| DATA EXCERPT |
--- START ---

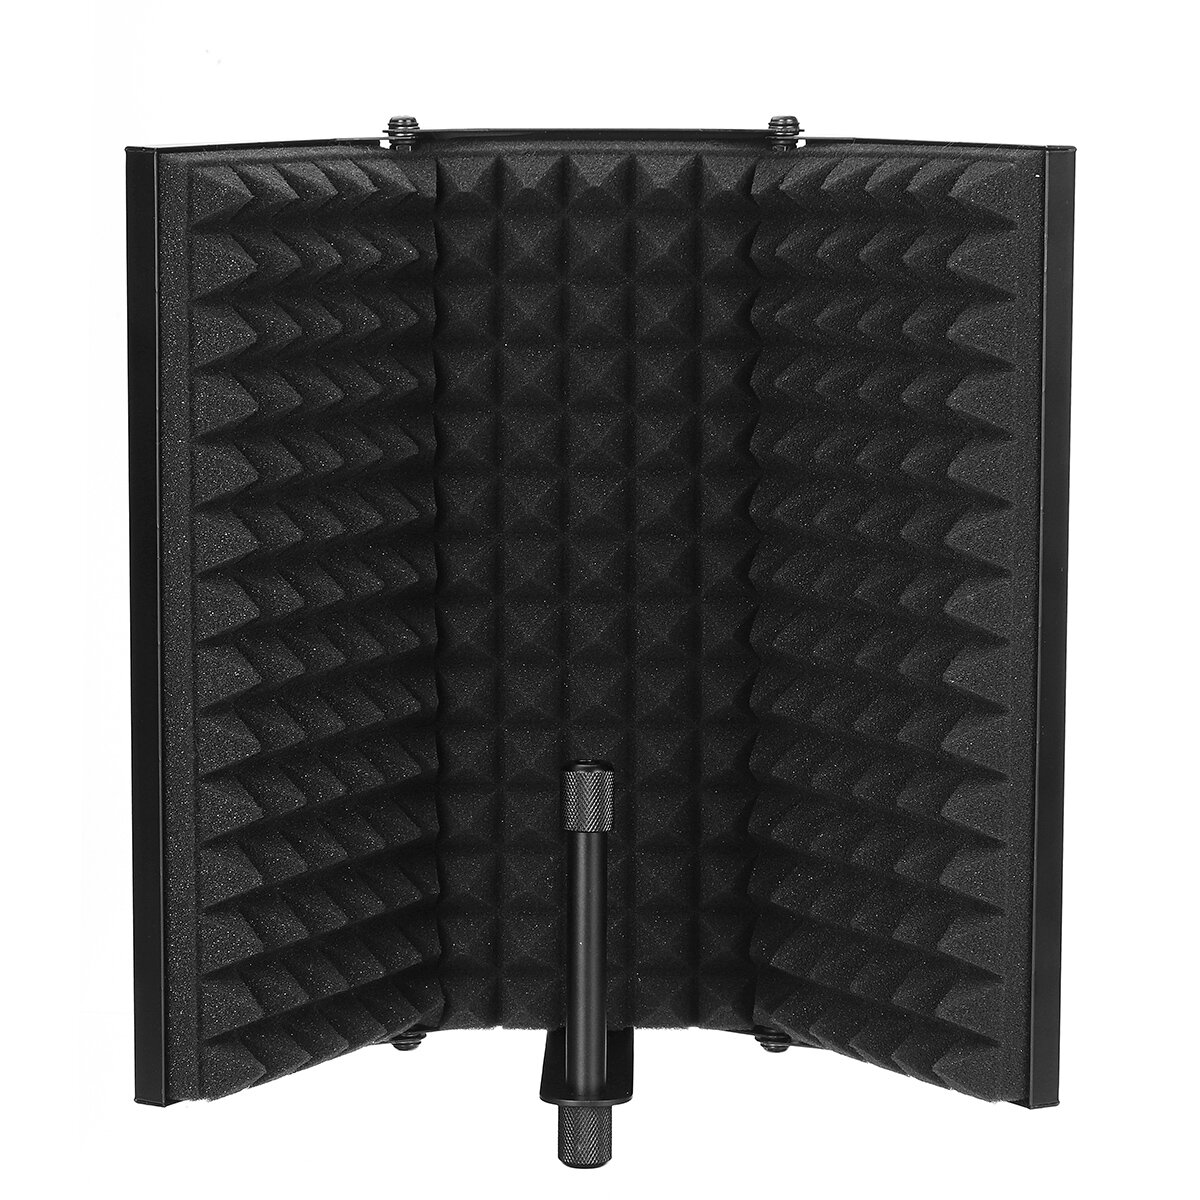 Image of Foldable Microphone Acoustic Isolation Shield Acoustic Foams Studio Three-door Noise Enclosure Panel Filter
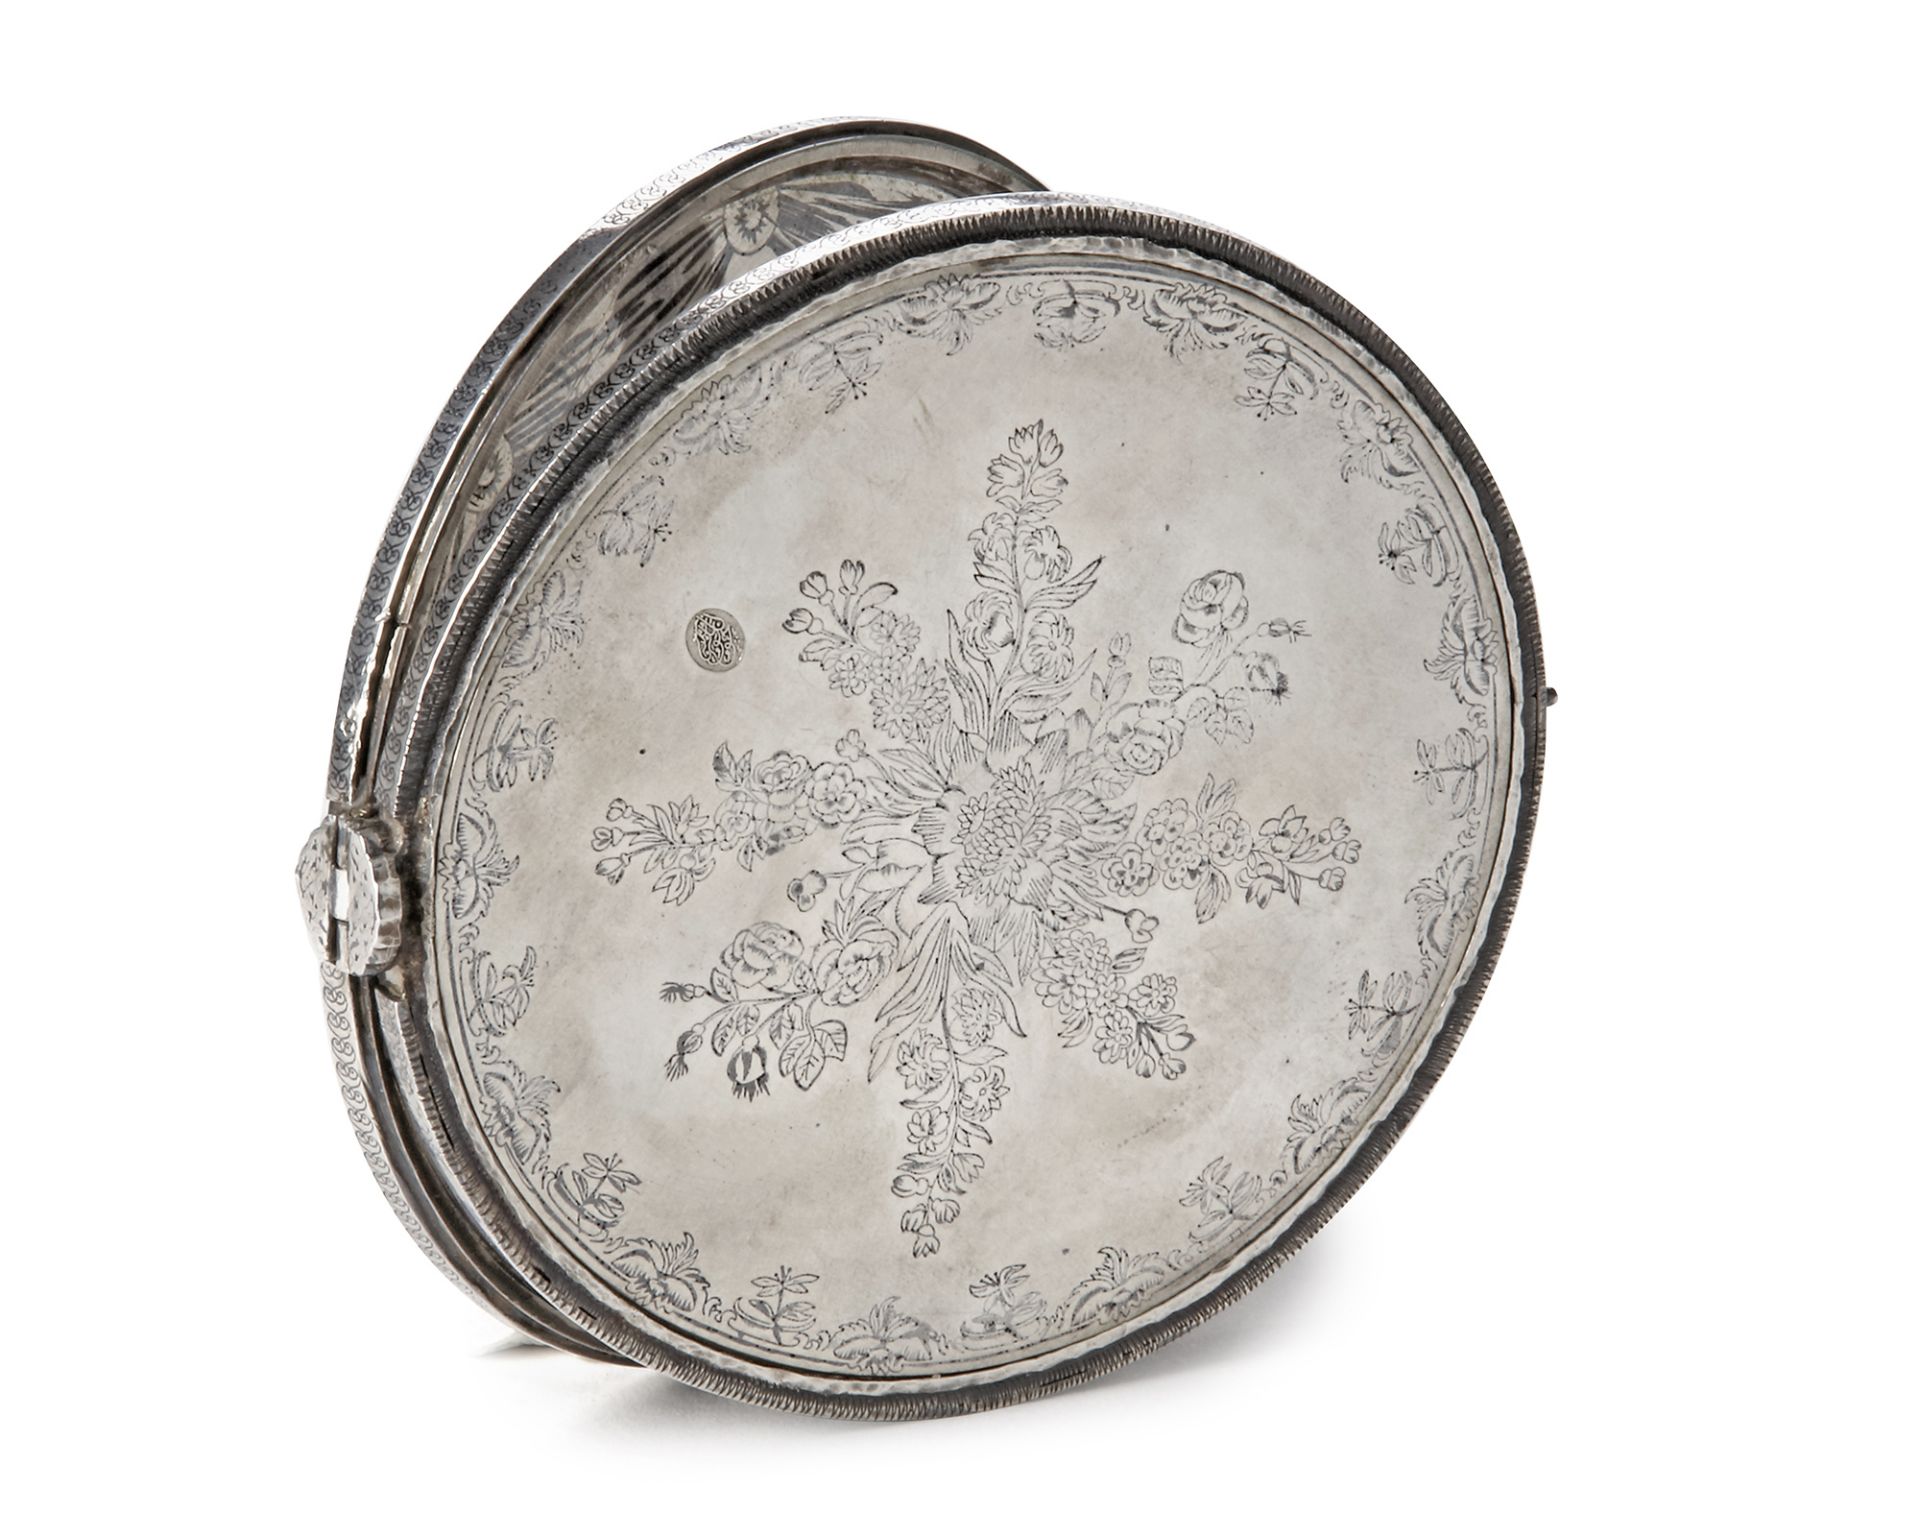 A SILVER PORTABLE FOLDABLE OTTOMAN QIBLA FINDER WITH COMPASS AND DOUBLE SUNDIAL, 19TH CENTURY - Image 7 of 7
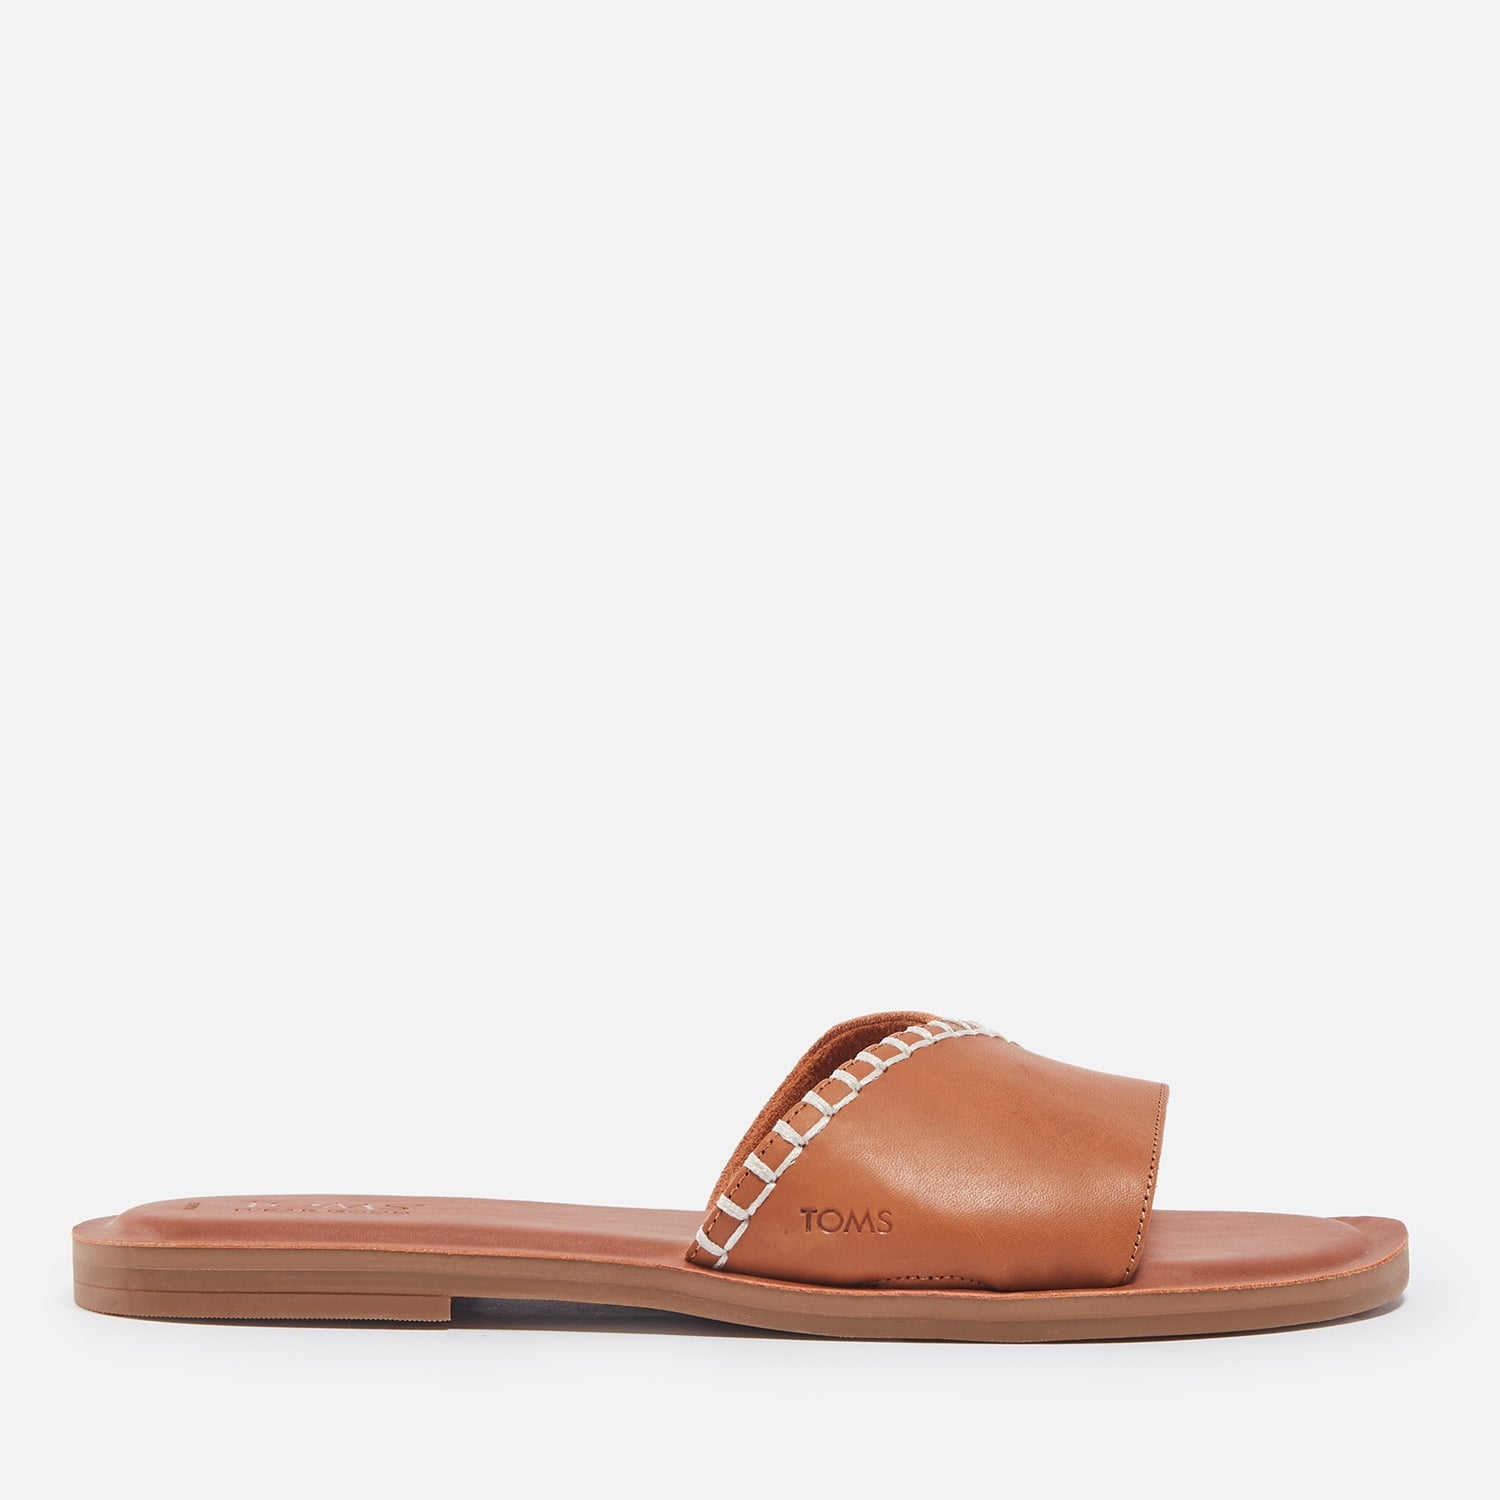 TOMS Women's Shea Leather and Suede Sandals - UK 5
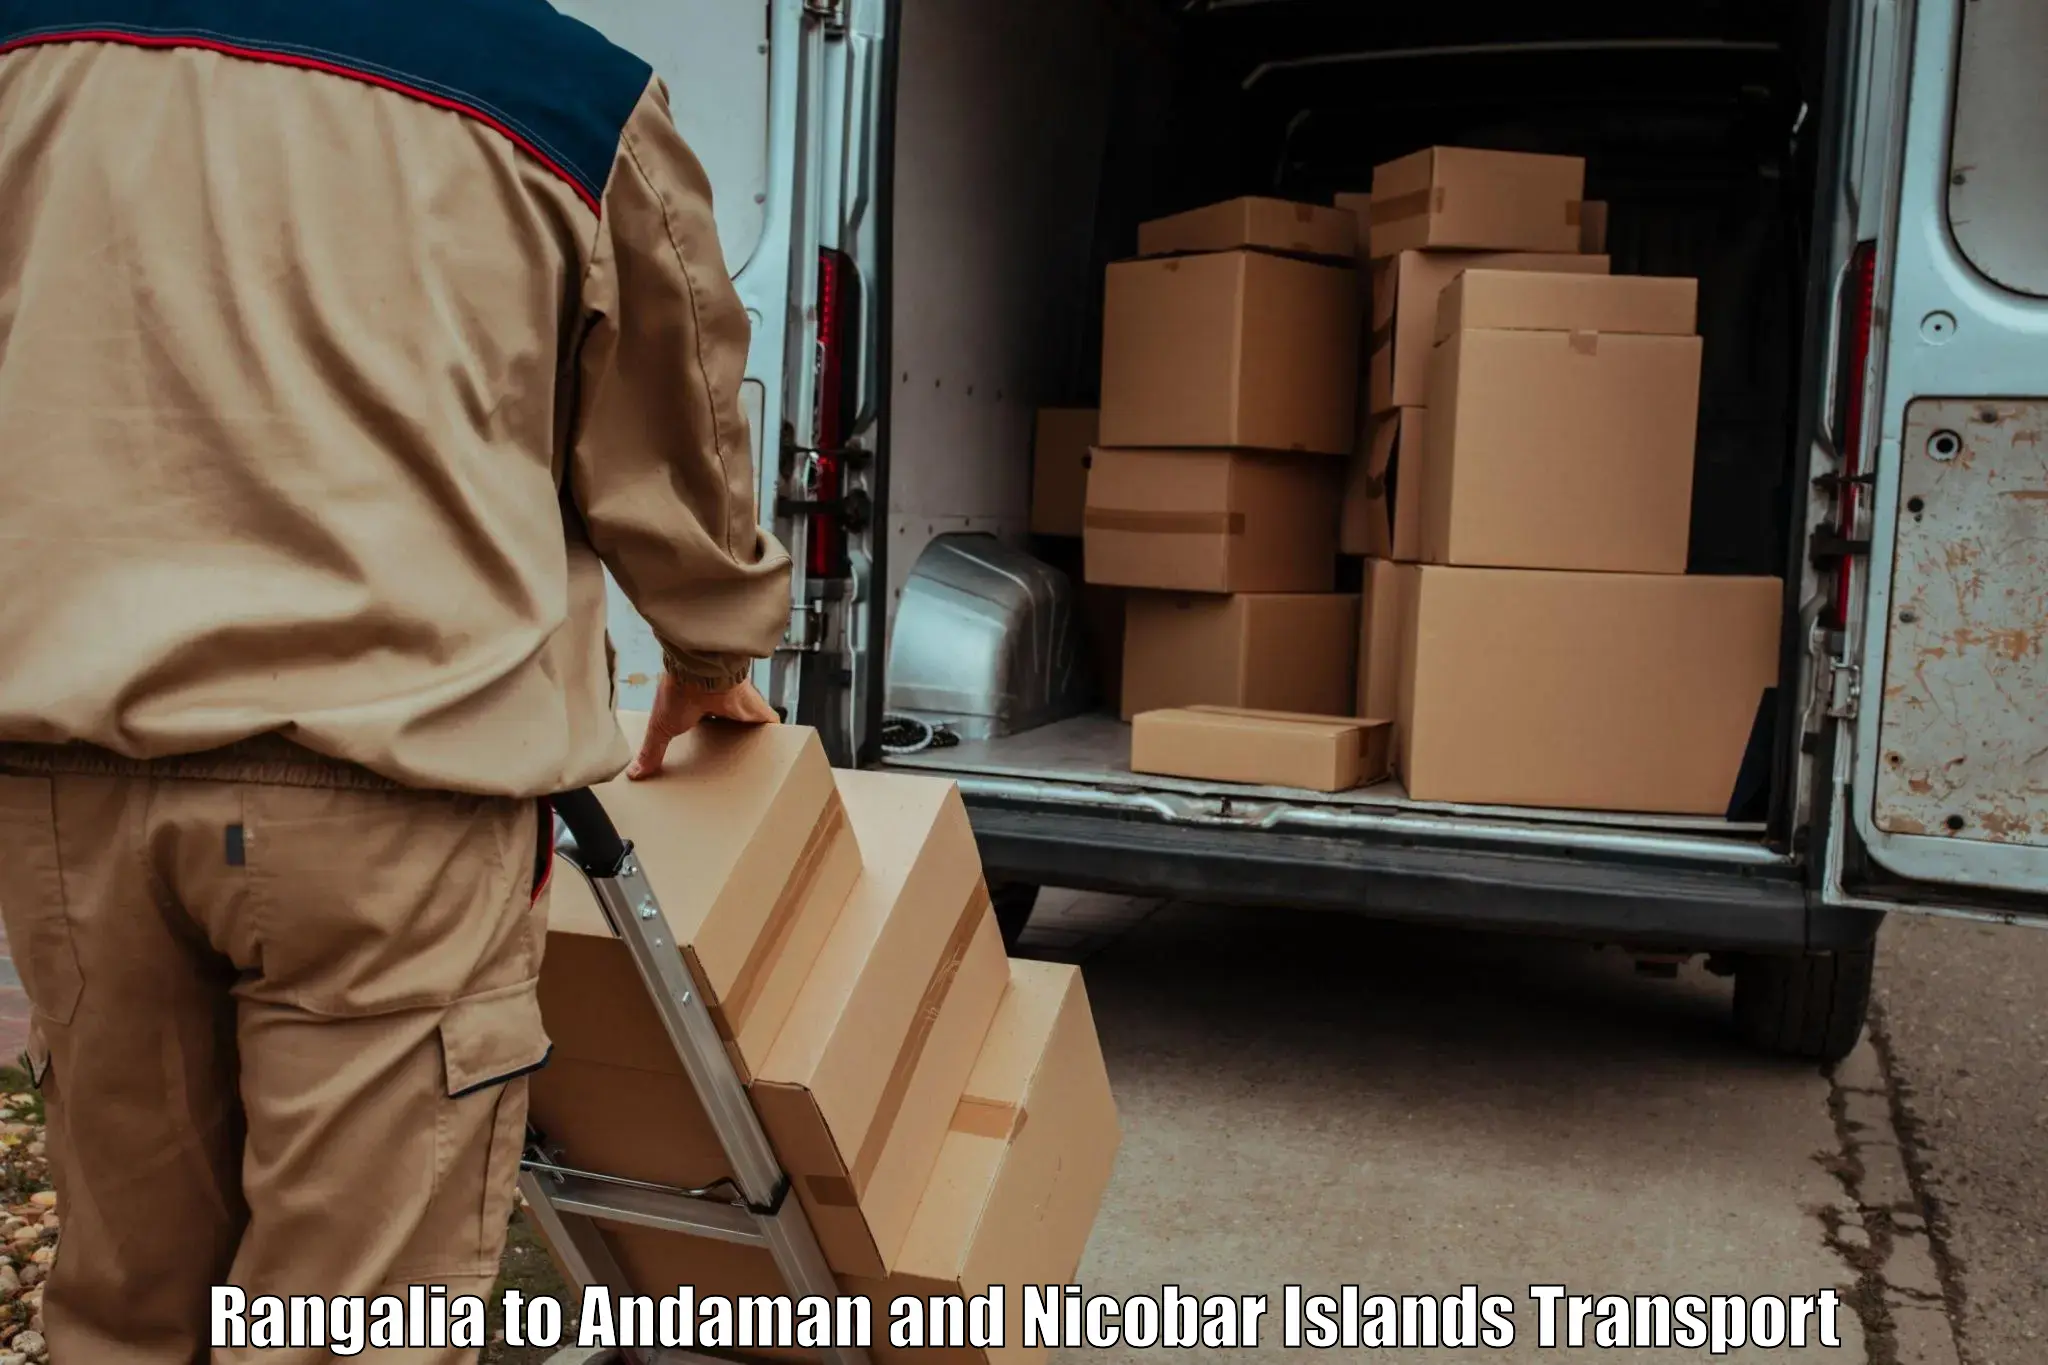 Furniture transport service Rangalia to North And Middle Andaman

--- END ---

For this exercise, return the material word for word and drop each image.

| OUTPUT OF THE TASK |
 Image of Foldable Microphone Acoustic Isolation Shield Acoustic Foams Studio Three-door Noise Enclosure Panel Filter
 A SILVER PORTABLE FOLDABLE OTTOMAN QIBLA FINDER WITH COMPASS AND DOUBLE SUNDIAL, 19TH CENTURY - Image 7 of 7
 TOMS Women's Shea Leather and Suede Sandals - UK 5
 Furniture transport service Rangalia to North And Middle Andaman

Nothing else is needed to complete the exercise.